Мессер Пьетро да Наполи живо отозвался:
– В таком случае Толстяк Медичи будет иметь большое преимущество перед мессером Пьетро Бембо![145 - Имеется в виду Андреа д’Аламанно деи Медичи, камергер двора Джулиано Медичи, прозванный, сообразно своей комплекции, Grasso (толстый, жирный). Едва ли не единственное упоминание его в исторических источниках эпохи связано с тем, что во время войны Джулиано за возвращение власти над Флоренцией (1512) он отлично справился с продовольственным обеспечением его войска. Мессер Пьетро в шутку превозносит этого человека, по всей видимости не отличавшегося высокими культурными запросами, над малорослым и худым Бембо – блестящим писателем и эрудитом.]
XLVII
Все рассмеялись.
– Господа, – вновь возвращаясь к прерванному разговору, сказал граф, – знайте, однако, что я не буду доволен своим придворным, если он не разбирается в музыке и, кроме того, что хорошо читает ноты, не играет еще на разных инструментах. Ведь, если подумать, для отдыха от трудов и целения недугов души не сыскать более благородного вида досуга, чем музыка; и особенно при дворах, где не только музыкой прогоняют скуку, но и делают многое, чтобы доставить удовольствие женщинам, в души которых, нежные и податливые, легко проникает гармония, наполняя их умилением. И не дивно, что и в древности, и теперь они были благосклонны к музыкантам, находя в их искусстве желаннейшую пищу для души.
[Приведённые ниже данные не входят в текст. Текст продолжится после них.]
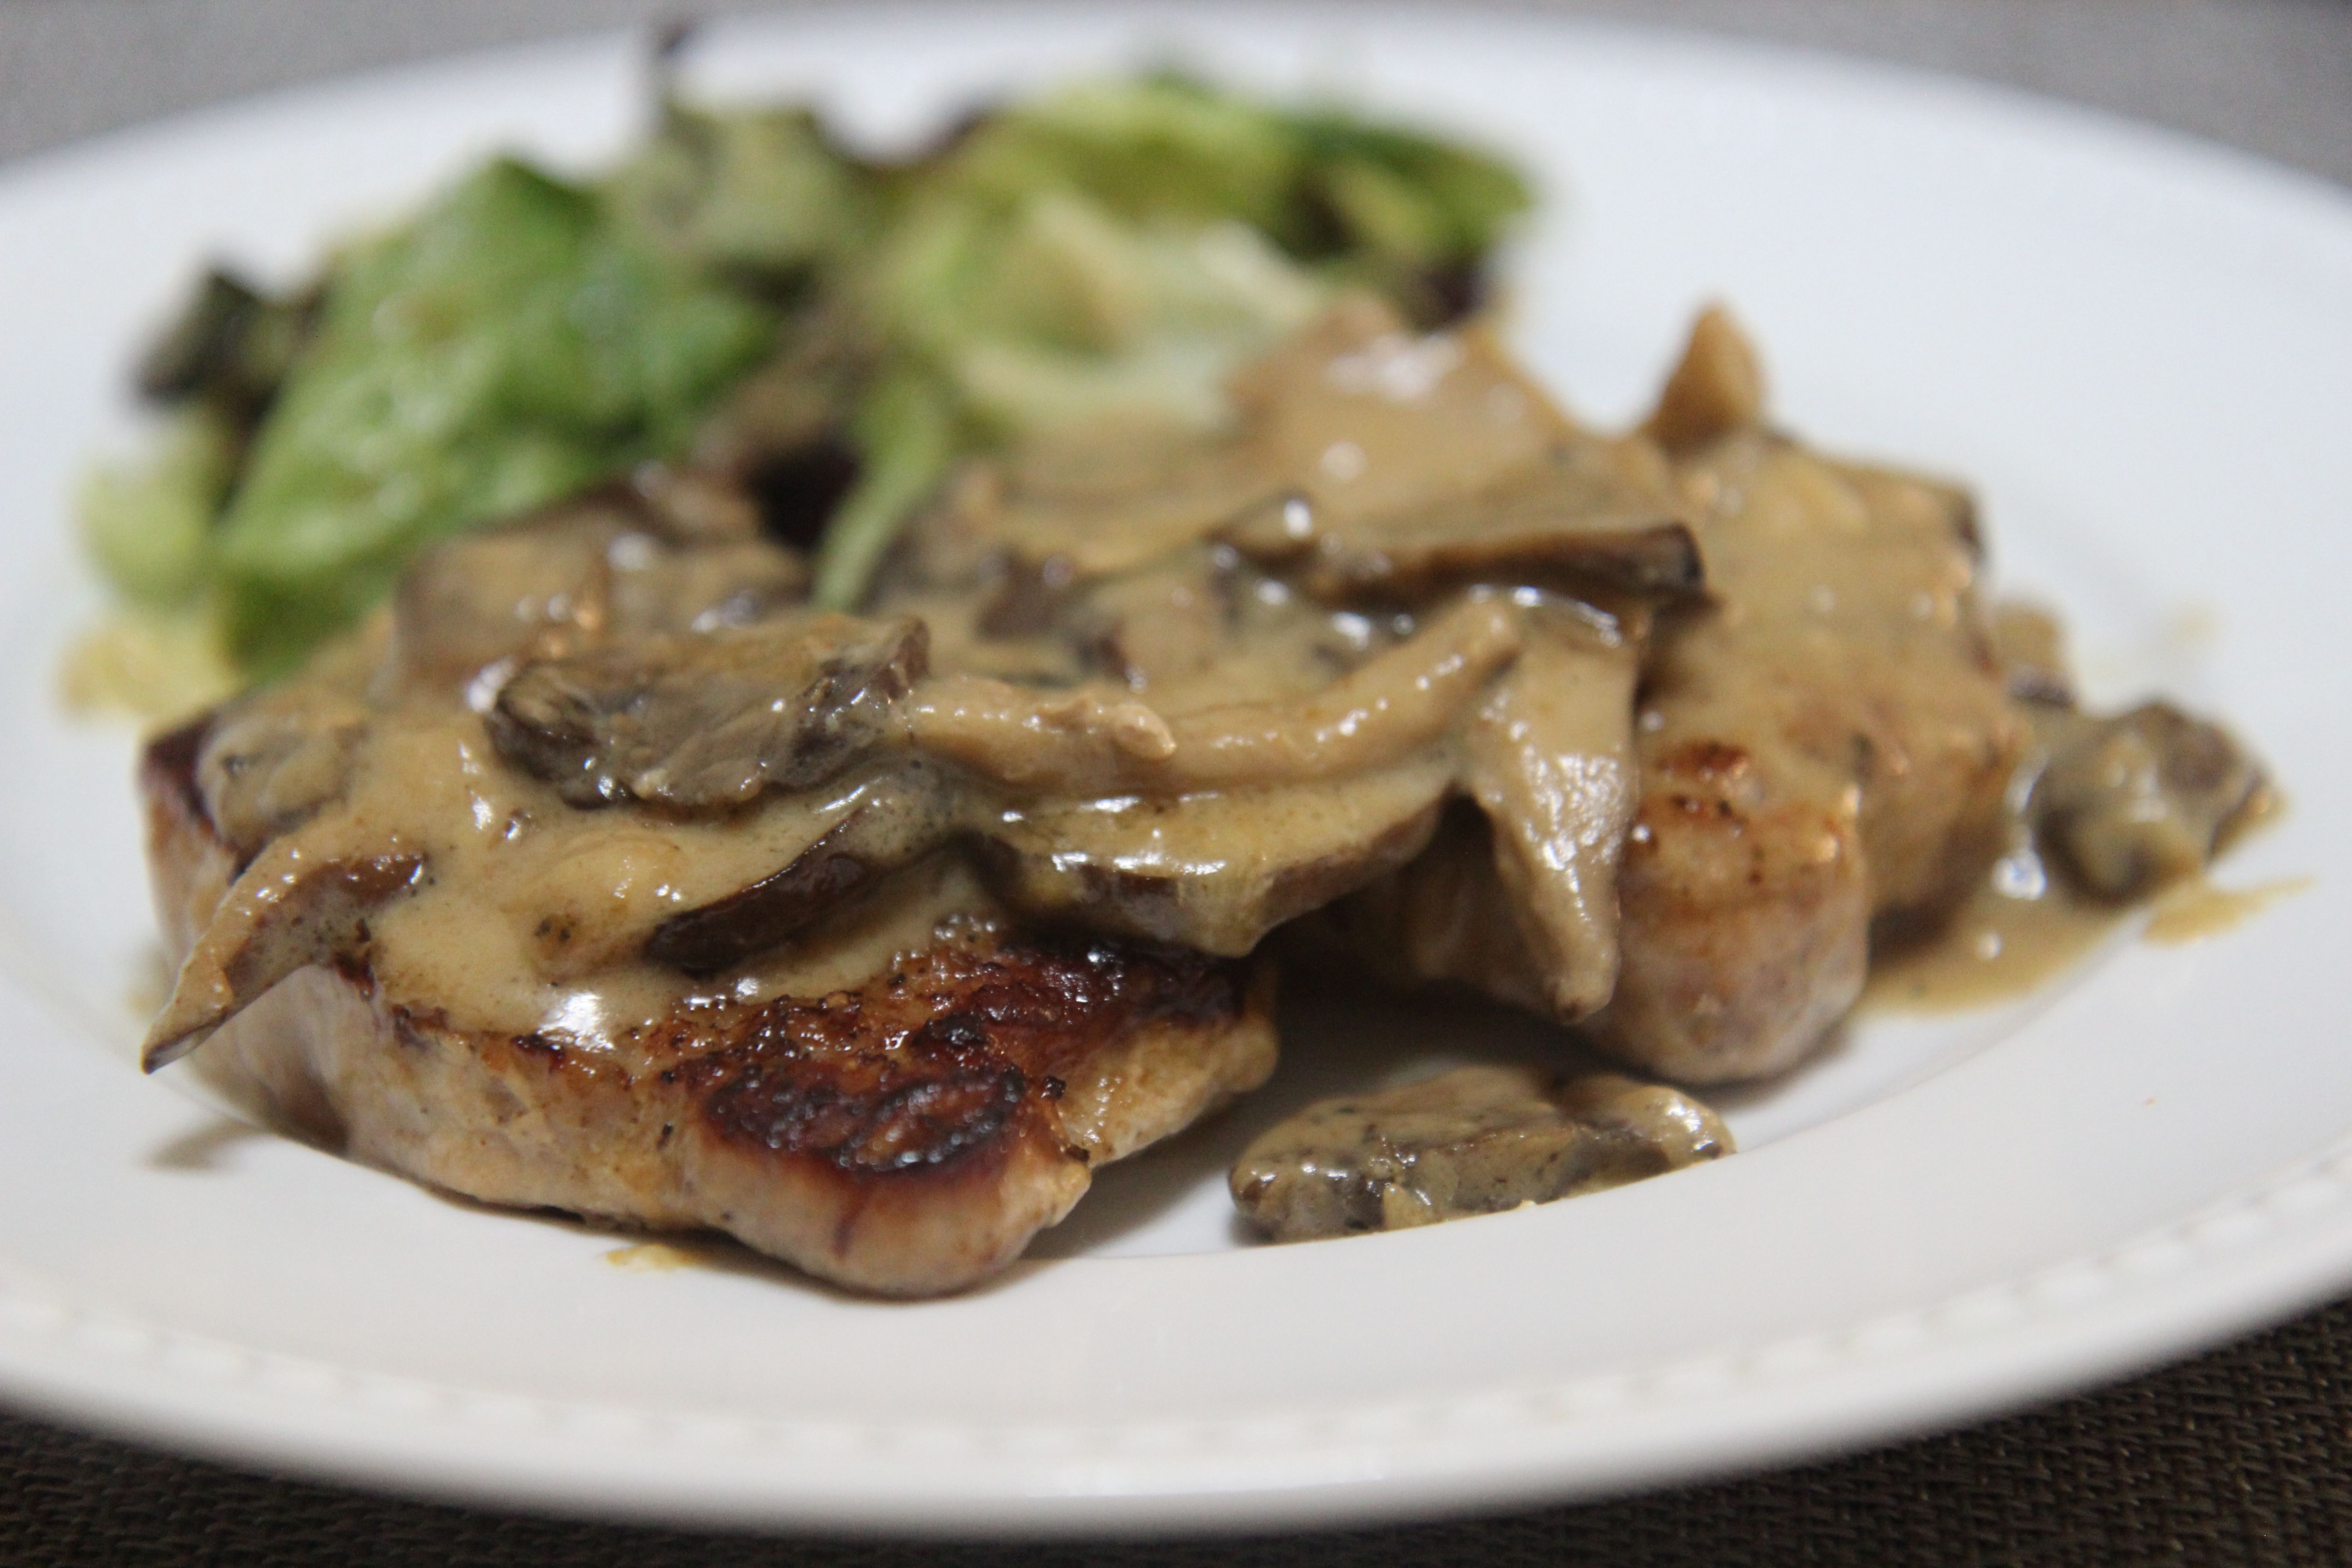 These pork chops are dressed in a creamy garlic sauce with mushrooms and onions.

– Что касается музыки, я согласен, – сказал синьор Гаспаро, – что, как и многие другие пустяки, она подходит женщинам, – а может быть, и еще кой-кому, кто имеет лишь внешнее сходство с мужчиной, но не мужчинам настоящим, которым не подобает разнеживать свои души подобными развлечениями, чтобы не приучить себя таким образом к боязни смерти.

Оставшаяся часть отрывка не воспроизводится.